(AVAILABLE DATA Opens)
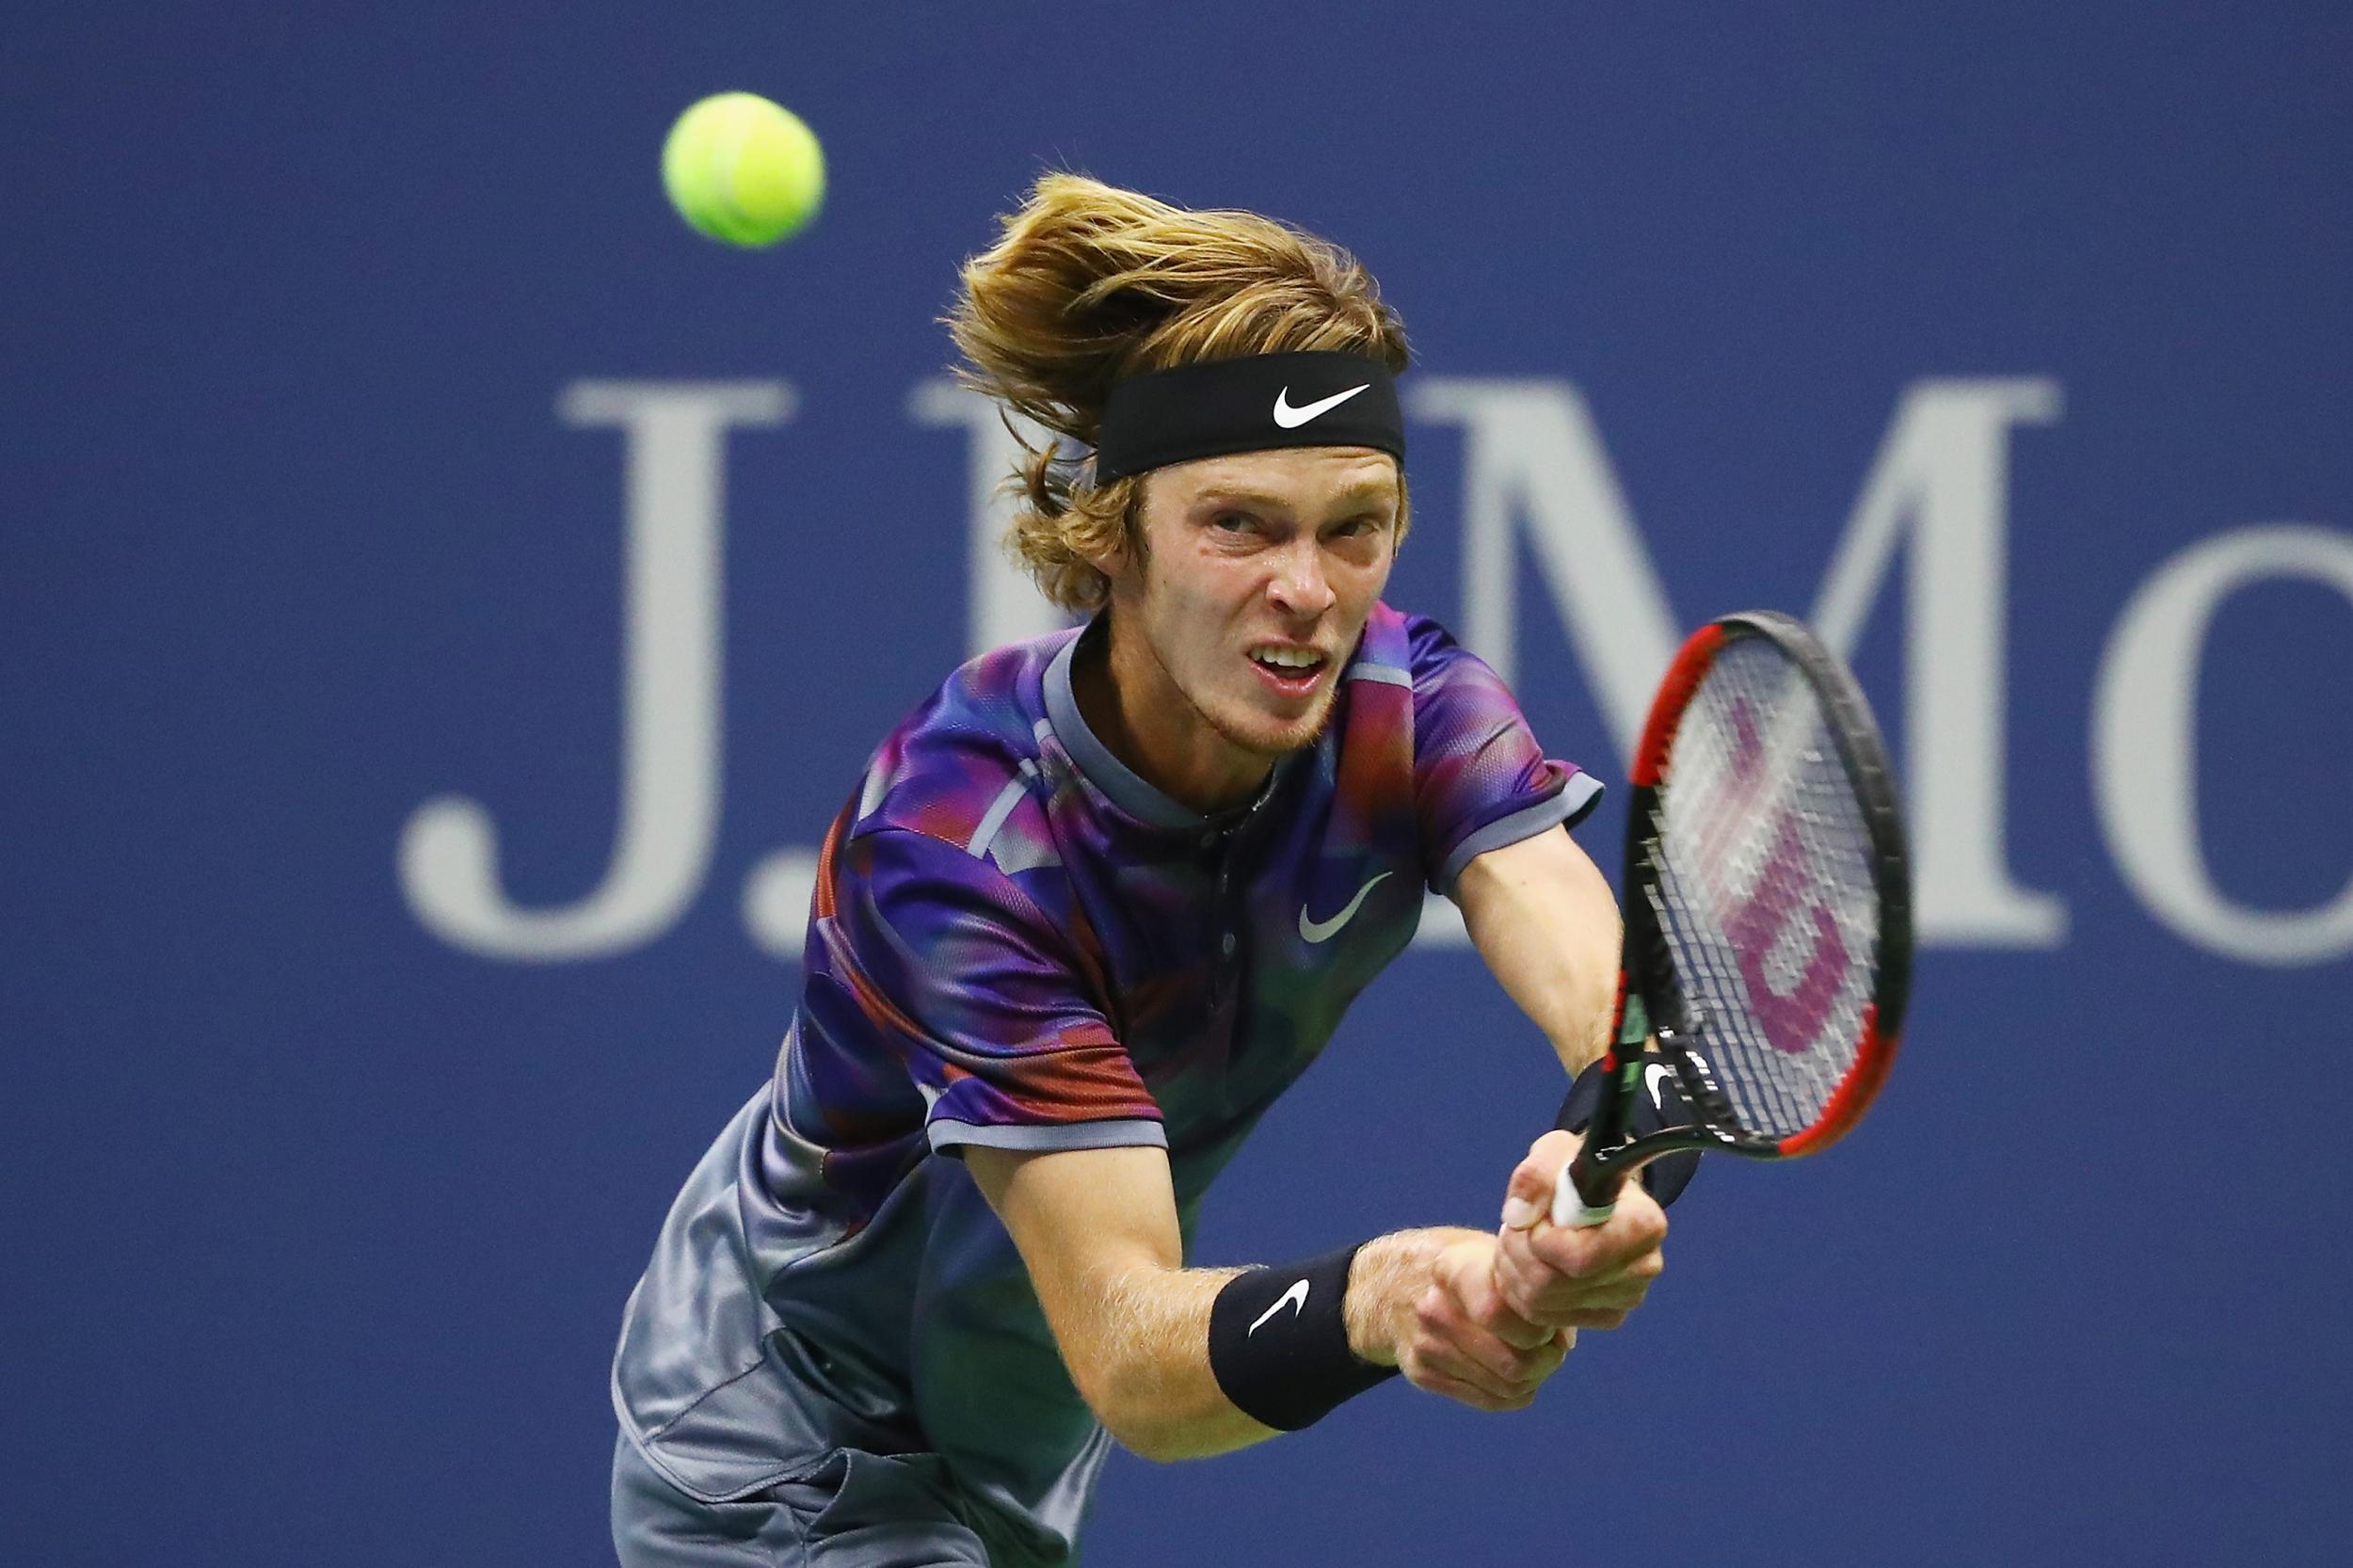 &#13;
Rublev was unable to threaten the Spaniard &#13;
(AVAILABLE DATA Closes)
(AVAILABLE DATA Opens)
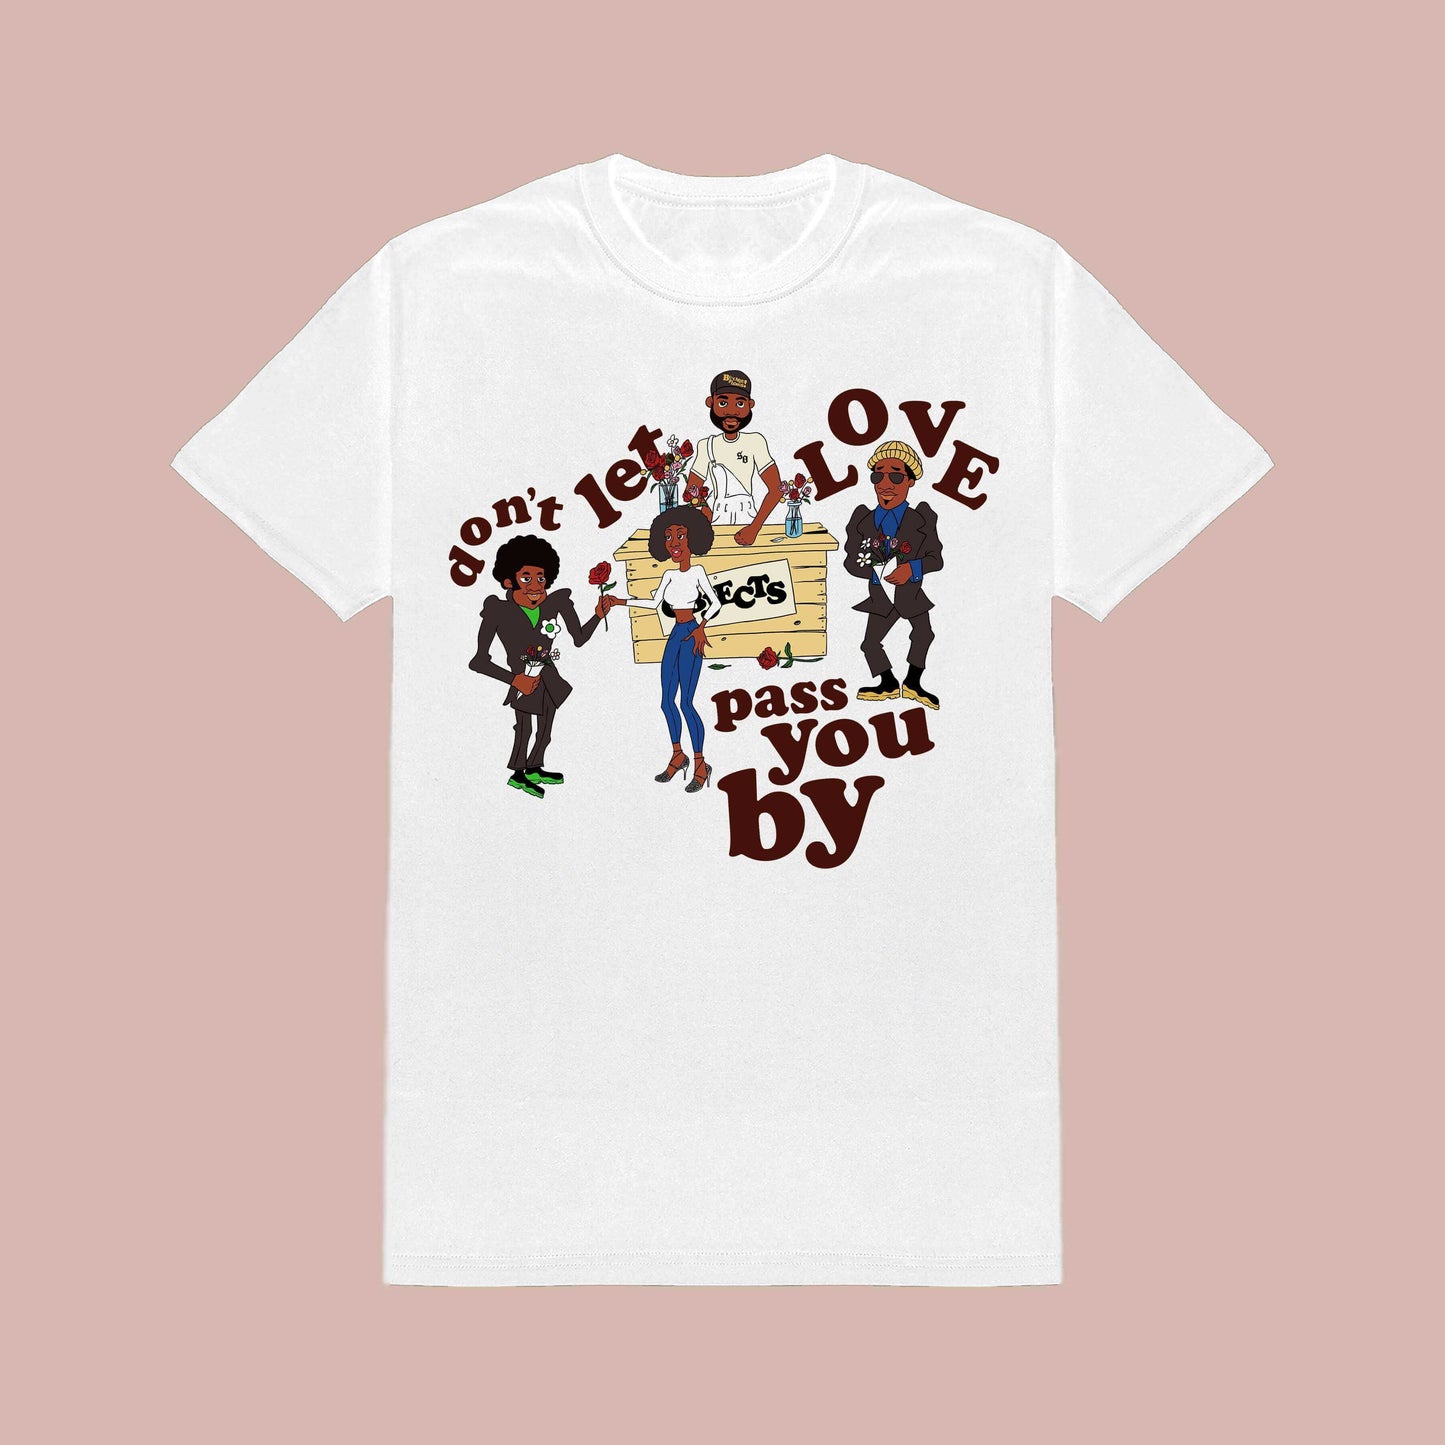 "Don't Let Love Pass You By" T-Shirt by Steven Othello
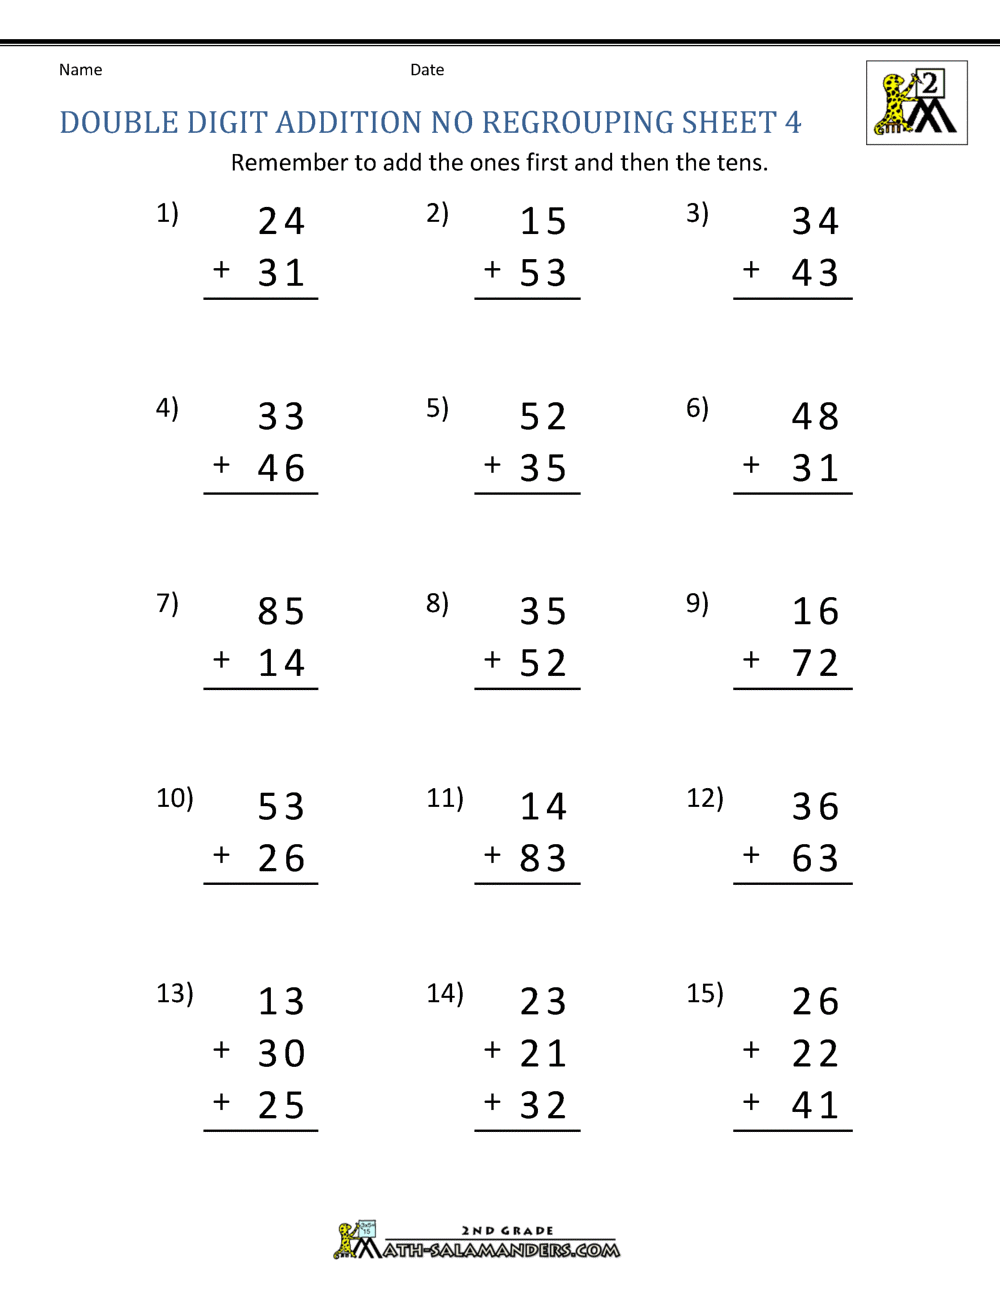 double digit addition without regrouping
(AVAILABLE DATA Closes)
__REQUIRED ACTION__. In the records above, find the line with "by Steven Othello" and the line with "double digit addition without regrouping", then restate word for word only those two lines and all lines between, omitting pictures.

__SOLVED EXERCISE__.
 "Don't Let Love Pass You By" T-Shirt by Steven Othello
 double digit addition without regrouping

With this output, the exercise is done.